Feminist critics like Iris Marion Young have long pointed out the obvious problem with this ideological construct: most everyone falls somewhere in the middle of the autonomous/dependent spectrum. Those of us who can find all of the care we need within the private sphere – through family or friends – are fortunate, but atypically privileged. Again, it is the most vulnerable, those for whom everyday support structures are inadequate or absent, whose cases force us to reexamine our public policy. But in any event, we should not make the error of believing that it is only those people who are dependent while the rest of us live autonomous lives. The binary cannot stand, and social services ought to be implemented with the diversity of cases in mind. The goal of social policy should be the creation of communities of mutual aid which respond to the emergent needs and crises of members, but perhaps more importantly, support and care for members in affirmative ways that make crisis intervention less and less necessary.
At the level of policy, this might look something like a flexible fund, perhaps created at federal or state-wide levels so that patterns of inequality would not leave the most vulnerable communities with the least funding, that could be applied to support EDs, aid needy people in finding housing, or pay for routine psychological wellness exams for all who consented to them. These types of solutions would encourage communities to come together and analyze their needs, rather than suffering under larger bureaucracies whose shortcomings only become clear in the wake of failure. A community-oriented approach would also empower the mentally ill to participate in and with community aid projects, rather than facing strictly medical/institutional solutions that dehumanize on the basis of condition.

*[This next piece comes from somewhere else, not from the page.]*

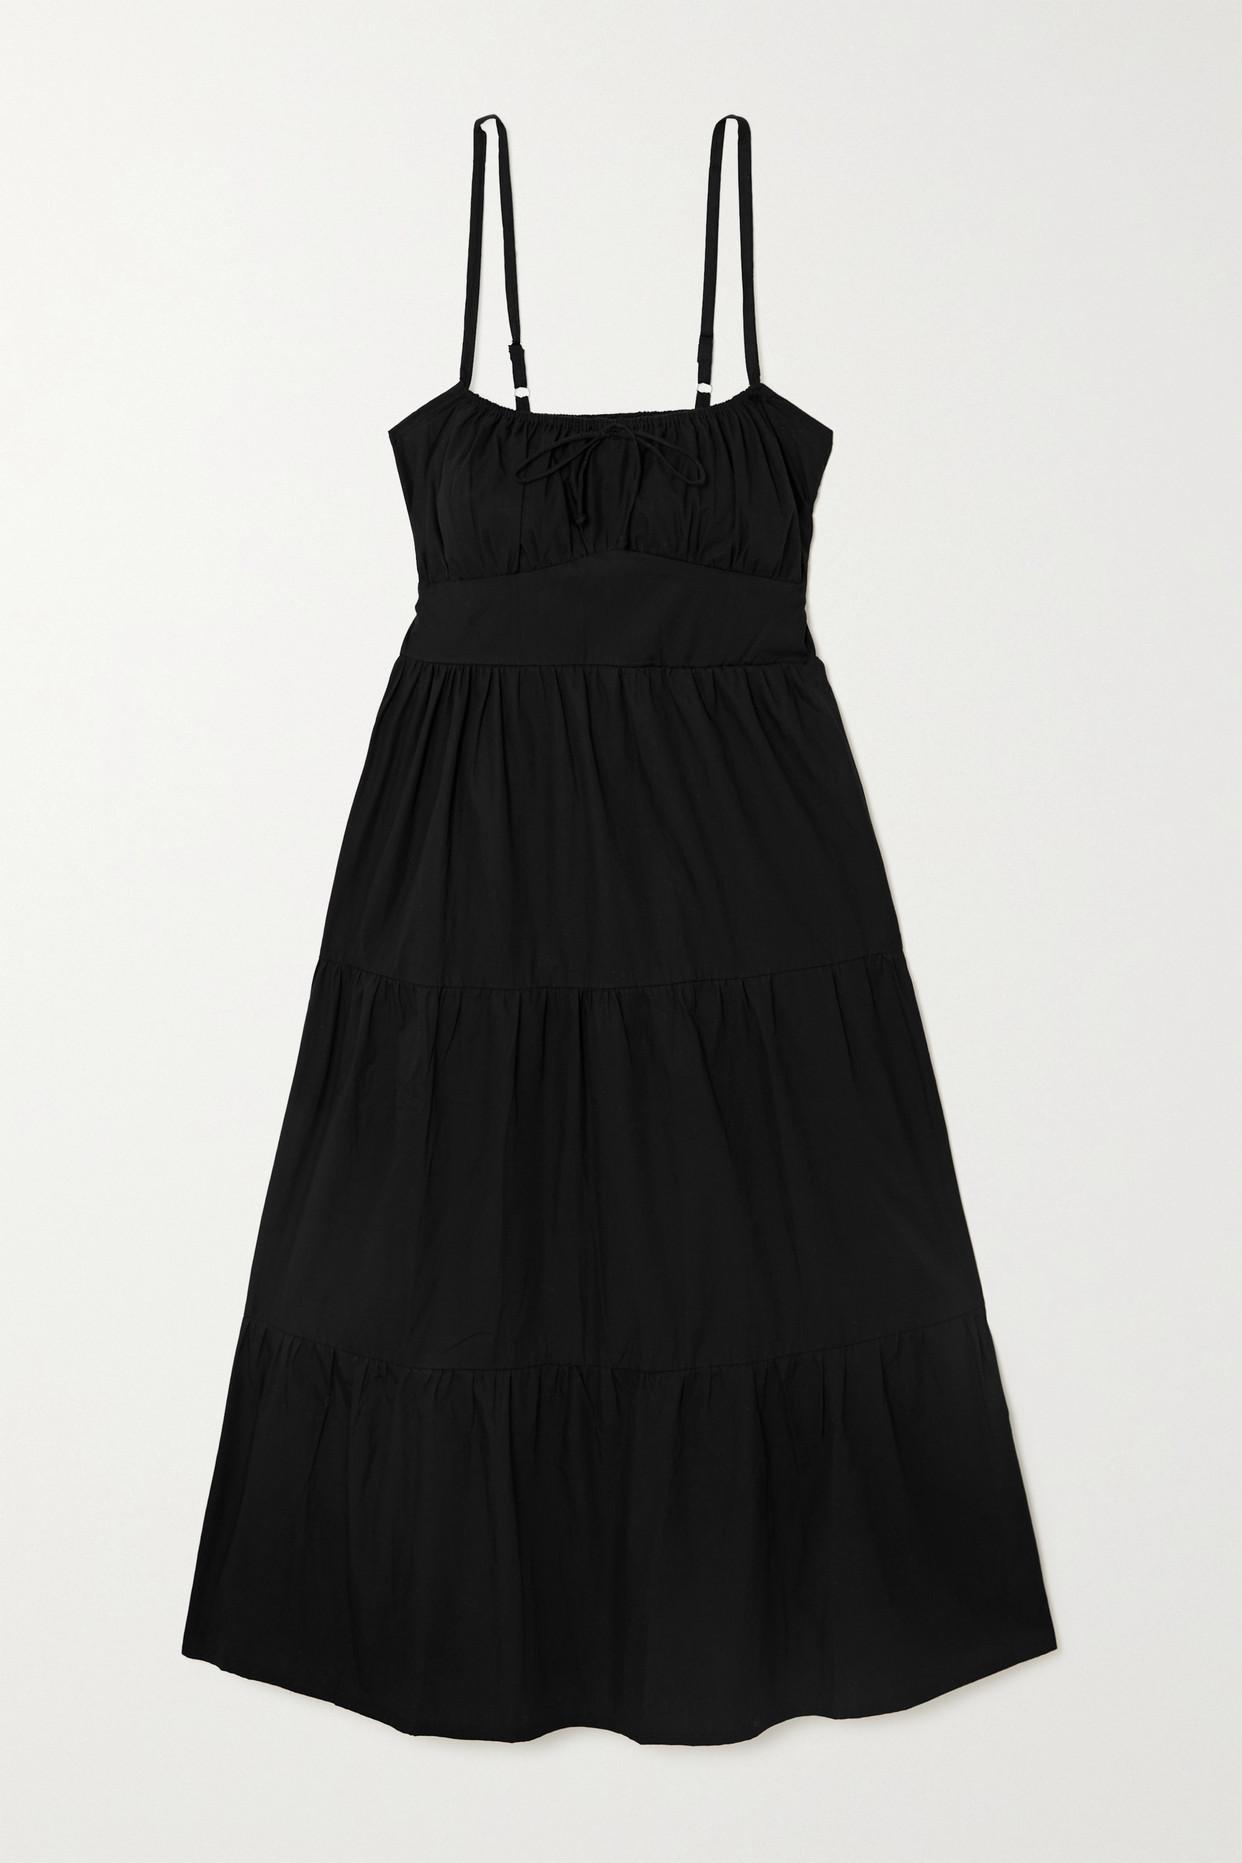 FAITHFULL THE BRAND - + Net Sustain Alexia Leopard-print Gathered Cotton-poplin Midi Dress - Black -

In short, a socialism that is truly “social” will emphasize community and communication as means of empowering and nurturing the most vulnerable segments of society, rather than expecting the kind of harrowing systems that have been producing incomprehensible no-exit nightmares since Kafka's day to do the work of justice. Nowhere is the need for such a revolution in thinking more apparent than in the crisis facing the mentally ill today. With their fate so firmly in the hands of ailing bureaucracies, the mentally ill in America are often the hapless playthings of a system that is dully malevolent in its neglect. Where the status quo produces Kafkaesque vertigo, it is incumbent on all who see the social bond as a site of obligation to respond with care.